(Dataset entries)
☆ ☆ ☆ ☆ ☆ ☆ ☆

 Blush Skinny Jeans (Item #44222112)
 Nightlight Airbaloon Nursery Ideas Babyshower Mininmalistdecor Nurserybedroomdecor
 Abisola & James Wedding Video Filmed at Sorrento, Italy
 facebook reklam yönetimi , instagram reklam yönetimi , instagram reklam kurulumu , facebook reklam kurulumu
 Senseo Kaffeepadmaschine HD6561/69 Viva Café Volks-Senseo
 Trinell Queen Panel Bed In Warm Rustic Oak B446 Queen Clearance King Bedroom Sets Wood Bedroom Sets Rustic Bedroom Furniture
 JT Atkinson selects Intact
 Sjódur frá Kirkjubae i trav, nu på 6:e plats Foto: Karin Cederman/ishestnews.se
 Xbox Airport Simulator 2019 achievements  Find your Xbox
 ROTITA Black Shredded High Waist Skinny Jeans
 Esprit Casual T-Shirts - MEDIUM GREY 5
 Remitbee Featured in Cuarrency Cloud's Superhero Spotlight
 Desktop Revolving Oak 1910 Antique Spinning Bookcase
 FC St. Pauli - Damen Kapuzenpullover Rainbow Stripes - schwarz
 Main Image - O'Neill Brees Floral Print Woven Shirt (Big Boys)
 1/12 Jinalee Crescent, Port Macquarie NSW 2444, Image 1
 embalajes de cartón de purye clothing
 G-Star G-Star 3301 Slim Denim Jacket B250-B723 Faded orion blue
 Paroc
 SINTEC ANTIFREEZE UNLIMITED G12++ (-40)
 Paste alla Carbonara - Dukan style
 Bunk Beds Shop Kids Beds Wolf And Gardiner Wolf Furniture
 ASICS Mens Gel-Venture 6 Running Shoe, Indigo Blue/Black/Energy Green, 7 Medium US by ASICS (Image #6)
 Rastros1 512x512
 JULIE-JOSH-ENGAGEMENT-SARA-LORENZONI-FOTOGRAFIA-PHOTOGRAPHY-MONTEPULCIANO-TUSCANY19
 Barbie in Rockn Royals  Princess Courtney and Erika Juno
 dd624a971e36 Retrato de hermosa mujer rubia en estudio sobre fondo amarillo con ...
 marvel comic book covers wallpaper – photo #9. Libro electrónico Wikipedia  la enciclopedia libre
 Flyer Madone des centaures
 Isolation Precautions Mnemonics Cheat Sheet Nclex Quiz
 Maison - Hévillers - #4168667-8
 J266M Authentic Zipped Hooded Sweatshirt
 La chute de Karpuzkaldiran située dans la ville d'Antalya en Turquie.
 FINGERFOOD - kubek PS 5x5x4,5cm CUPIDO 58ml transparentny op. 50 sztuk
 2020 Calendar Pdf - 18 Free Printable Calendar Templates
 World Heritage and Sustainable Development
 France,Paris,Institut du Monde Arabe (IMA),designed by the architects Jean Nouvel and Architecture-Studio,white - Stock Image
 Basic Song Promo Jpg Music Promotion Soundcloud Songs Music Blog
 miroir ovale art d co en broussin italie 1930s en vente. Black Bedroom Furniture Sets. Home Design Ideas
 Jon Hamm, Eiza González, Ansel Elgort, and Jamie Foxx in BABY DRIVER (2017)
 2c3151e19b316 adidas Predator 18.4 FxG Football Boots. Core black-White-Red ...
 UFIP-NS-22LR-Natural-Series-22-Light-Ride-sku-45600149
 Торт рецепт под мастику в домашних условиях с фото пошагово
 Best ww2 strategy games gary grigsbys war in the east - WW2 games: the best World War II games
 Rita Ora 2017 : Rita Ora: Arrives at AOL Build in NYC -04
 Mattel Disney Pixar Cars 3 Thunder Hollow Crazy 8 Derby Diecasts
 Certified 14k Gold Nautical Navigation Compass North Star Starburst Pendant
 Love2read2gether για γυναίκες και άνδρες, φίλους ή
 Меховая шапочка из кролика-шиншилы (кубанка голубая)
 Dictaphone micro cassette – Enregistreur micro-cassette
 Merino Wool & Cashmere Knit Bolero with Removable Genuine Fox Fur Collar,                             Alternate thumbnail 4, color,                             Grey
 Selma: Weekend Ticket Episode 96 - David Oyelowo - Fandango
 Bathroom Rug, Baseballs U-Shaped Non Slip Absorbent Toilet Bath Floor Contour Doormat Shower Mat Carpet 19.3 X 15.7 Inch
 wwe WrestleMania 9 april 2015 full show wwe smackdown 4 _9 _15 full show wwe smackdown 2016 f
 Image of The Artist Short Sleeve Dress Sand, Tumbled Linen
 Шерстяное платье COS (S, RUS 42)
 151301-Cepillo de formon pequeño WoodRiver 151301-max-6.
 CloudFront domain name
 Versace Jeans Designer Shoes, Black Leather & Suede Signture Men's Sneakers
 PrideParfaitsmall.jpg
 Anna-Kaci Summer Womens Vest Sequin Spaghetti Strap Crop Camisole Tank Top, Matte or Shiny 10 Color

☆ ☆ ☆ ☆ ☆ ☆ ☆

_EXERCISE_: Wherever the line holding "France,Paris,Institut du Monde" falls in the entries above, copy exactly from it through the line holding "miroir ovale art", inclusive, and add nothing.

_ANSWER BELOW_:
 France,Paris,Institut du Monde Arabe (IMA),designed by the architects Jean Nouvel and Architecture-Studio,white - Stock Image
 Basic Song Promo Jpg Music Promotion Soundcloud Songs Music Blog
 miroir ovale art d co en broussin italie 1930s en vente. Black Bedroom Furniture Sets. Home Design Ideas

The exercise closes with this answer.